Eduardo Nava
- Country (sports): United States
- Born: March 11, 1997 (age 29) Northridge, United States
- Height: 1.80 m (5 ft 11 in)
- Plays: Right-handed (two-handed backhand)
- College: TCU Wake Forest
- Coach: Xóchitl Escobedo, Tony Bresky
- Prize money: US $18,279

Singles
- Career record: 0–1 (at ATP Tour level, Grand Slam level, and in Davis Cup)
- Career titles: 0
- Highest ranking: No. 792 (August 15, 2022)

Doubles
- Career record: 0–0 (at ATP Tour level, Grand Slam level, and in Davis Cup)
- Career titles: 0
- Highest ranking: No. 670 (July 3, 2023)

= Eduardo Nava (tennis) =

American tennis player

Eduardo Nava (born March 11, 1997) is an American tennis player. Nava has a career high ATP singles ranking of No. 792 achieved on August 15, 2022 and a career high ATP doubles ranking of No. 670 achieved on July 3, 2023.

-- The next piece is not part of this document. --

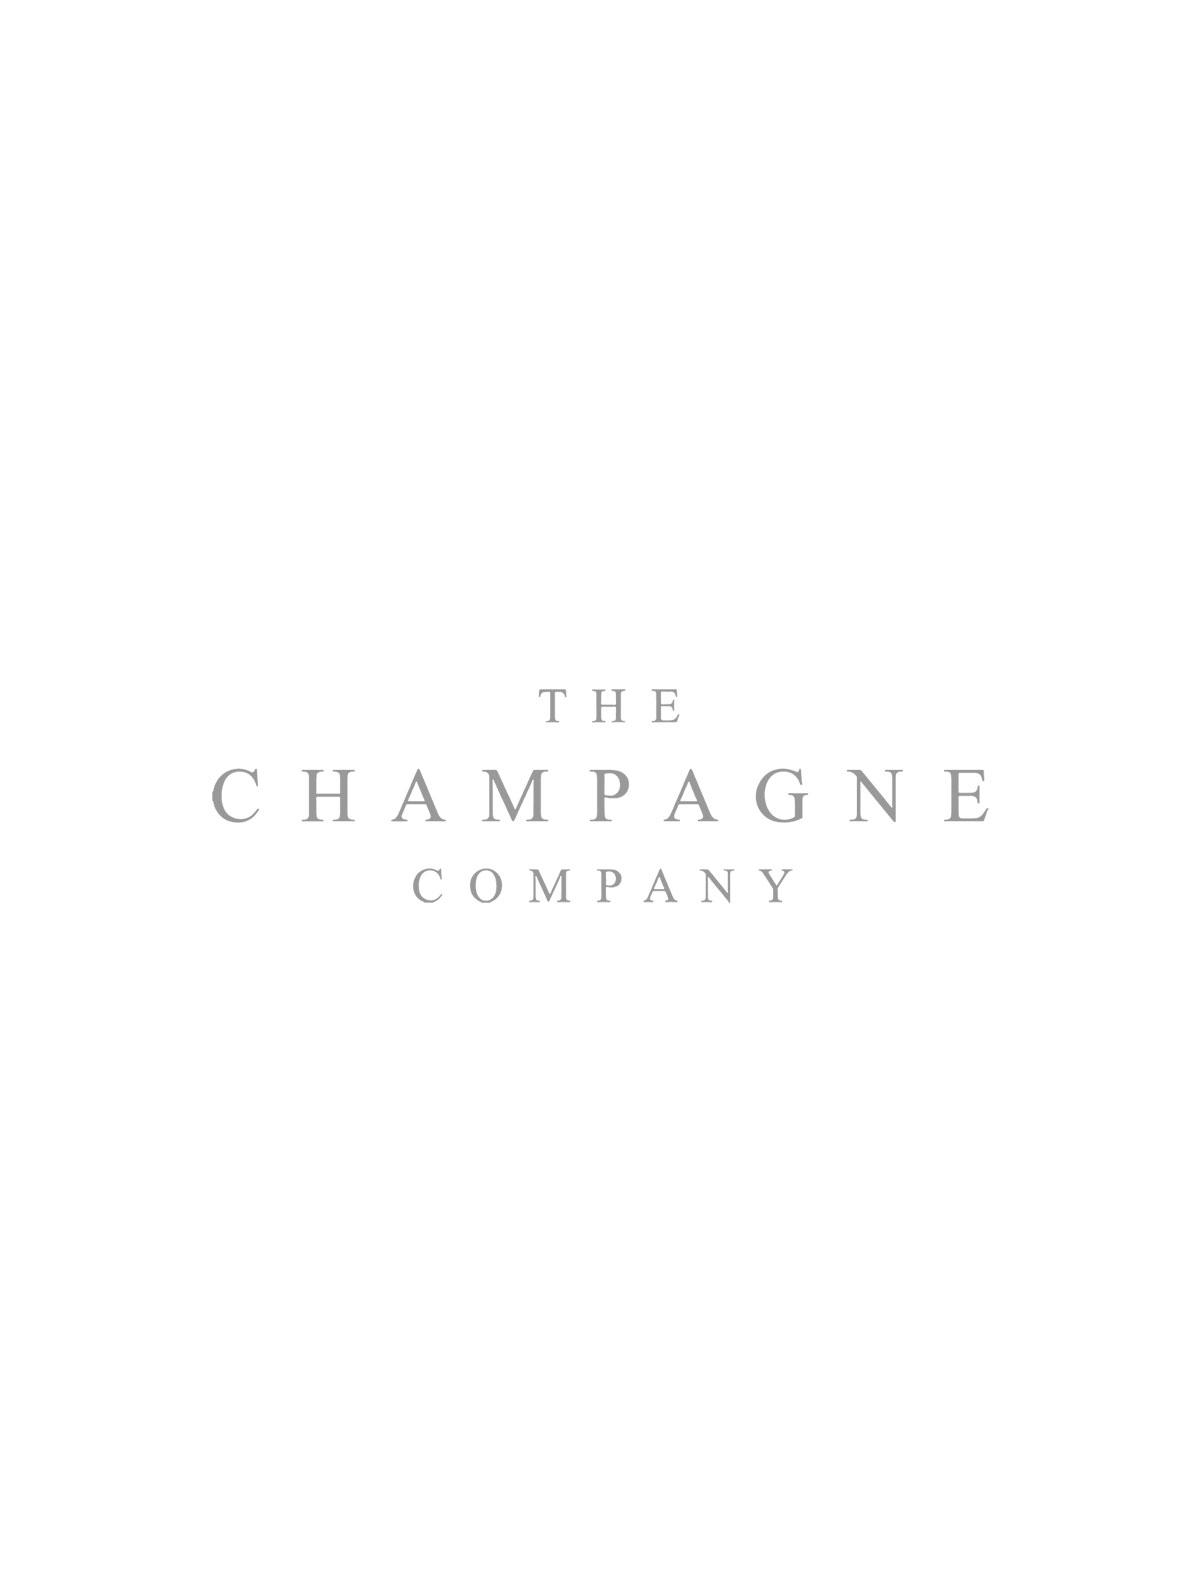 Veuve Clicquot Ponsardin 2008 Vintage Brut Champagne 75cl

Nava made his ATP main draw debut at the 2021 Winston-Salem Open after entering the singles main draw as a lucky loser. He lost to Thiago Monteiro 5–7, 1–6.

Nava played college tennis at TCU and Wake Forest University.

Nava comes from a family of athletes. He is the son of sprinter Eduardo Nava and tennis player Xóchitl Escobedo. His brother, Emilio Nava, and cousin, Ernesto Escobedo are both professional tennis players.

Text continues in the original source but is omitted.